What follows immediately after that instruction adds to this theme: “if it is possible, so far as it depends on you, live peaceably with all” (v.18) is clearly aimed at ensuring mutual respect amongst those drawn together by their common faith in Jesus as “the righteousness of God”. And perhaps, then, the mention of God’s wrath (v.19a) and the following instructions (vv.19b—20) fit within this framework. God’s vengeance (noted in the short quote from Deut 32:25) requires behaviour that is ethical and other-oriented. That is how to live as those who have been “transformed by the renewing of your minds” (Rom 12:2).

That behaviour—feeding the hungry, giving a drink to the thirsty—points quite directly to the teaching of Jesus, which we find expressed in the succinct word, “whoever gives you a cup of water to drink because you bear the name of Christ will by no means lose the reward” (Mark 10:41) and embedded in the more extended parable of the final judgement (Matt 25:31–46).

In like fashion, the exhortation to “bless those who persecute you; bless and do not curse them; rejoice with those who rejoice, weep with those who weep” (Rom 12:14–15) resonates with the blessing offered by Jesus to those who weep (Luke 6:21b) and the subsequent exhortation to “do good to those who hate you, bless those who curse you, pray for those who abuse you” (Luke 6:27b—28).

That Paul was aware of the ethical stance of Jesus, and indeed of some of his specific teachings, may well be indicated by his clear referencing of them in these words at this point in his letter to the Romans. Dunn certainly believes this to be the case; “the probability that the Pauline paraenesis does reflect the exhortation of Jesus must be judged to be very strong” (Dunn, Romans, Word, p.745).

Jewett takes a broader view, noting “close Hebraic parallels to this exhortation concerning emotional responsiveness”, citing Sir 7:34 (“do not withdraw yourself from weepers—mourn with the weepers”) as well Testament of Joseph 17:7–8 (“their life was my life, all their suffering was my suffering, all their sickness was my infirmity … my land was all their land, and their counsel my counsel”).

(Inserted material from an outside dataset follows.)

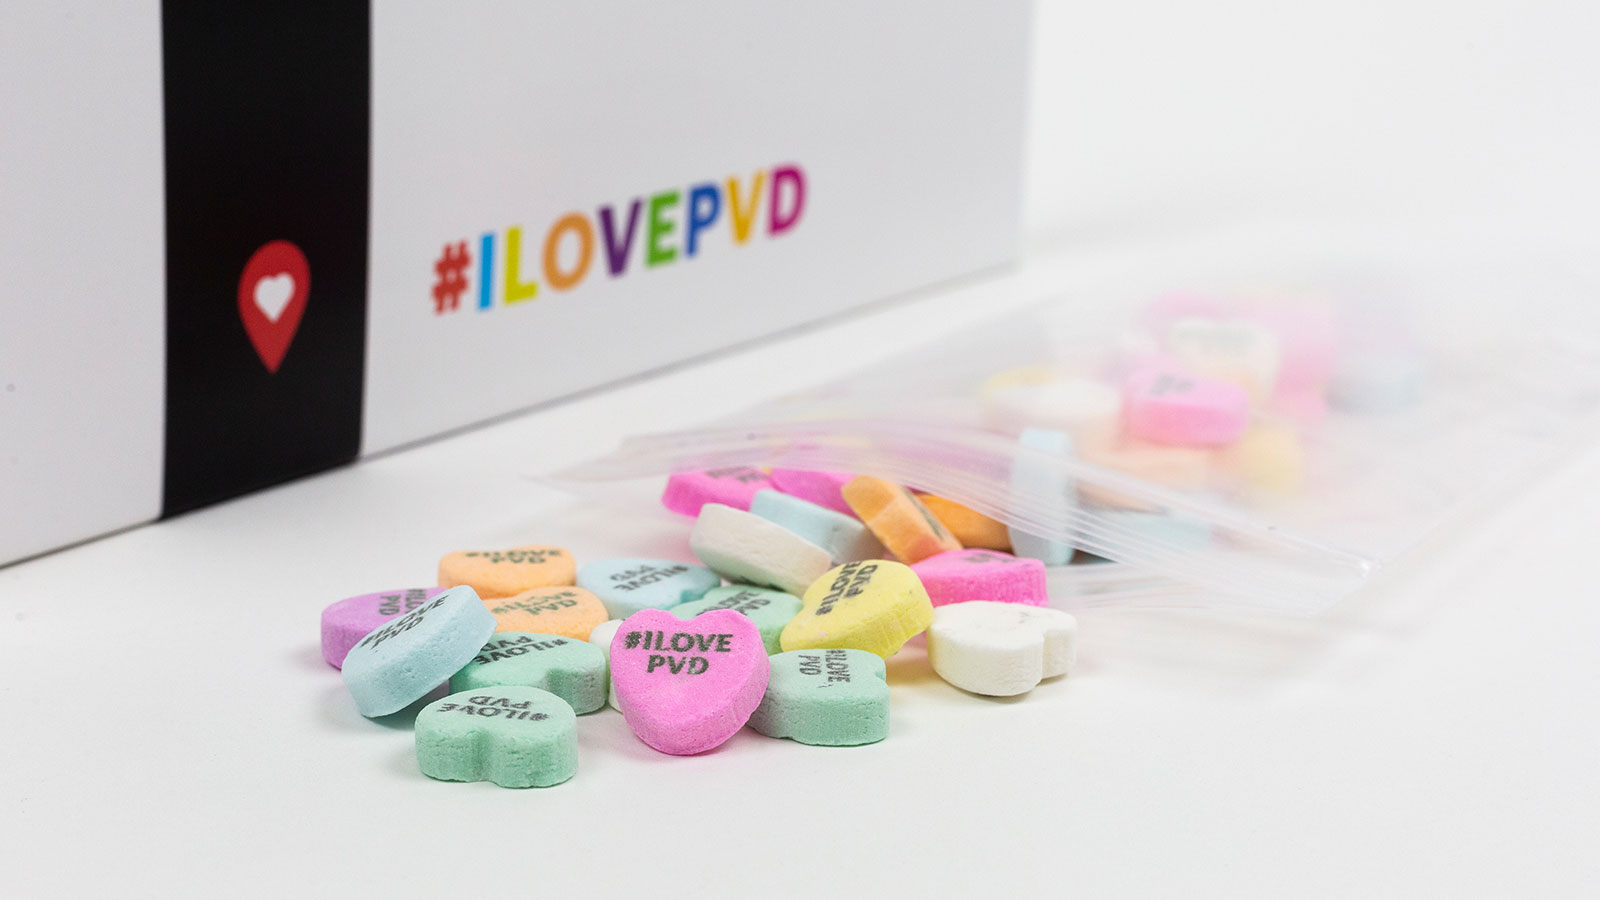 Delin Design Valentine's Day 2019 Providence Direct Mail Promotion: #ILovePVD Candy Hearts Detail

Jewett also references a Greek maxim by Menander (“return grief for grief, and more than love for love”, Sent. Byz. 448), and a dictum by Epictetus (“where a man rejoices with good reason, there others may rejoice with him”, Diss. 2.5.23). (See Jewett, Romans, Hermeneia, p.767.)

So the wider existence of this ethical stance needs to be noted; Paul—and indeed Jesus—was not alone in recognising the virtue of fostering a sympathetic understanding of others, and of working collaboratively towards a cohesive and cordial communal life. Indeed, it can be no accident that this string of ethical exhortations which Paul collected in 12:9–21 follows immediately after his use of the image of the body as a metaphor for the interconnected and interdependent life of the community, in 12:3–8.

So the various injunctions collected in this passage—“live in harmony with one another”, “contribute to the needs of the saints”, even “extend hospitality to strangers” and indeed “live peaceably with all”—stand as important guides for the communities of faith in Rome, and indeed prove to be wise guides for life in any community, at any time, through into the present day. Faith calls us into relationship with others, and those relationships are to be marked by respect and integrity. May it be so!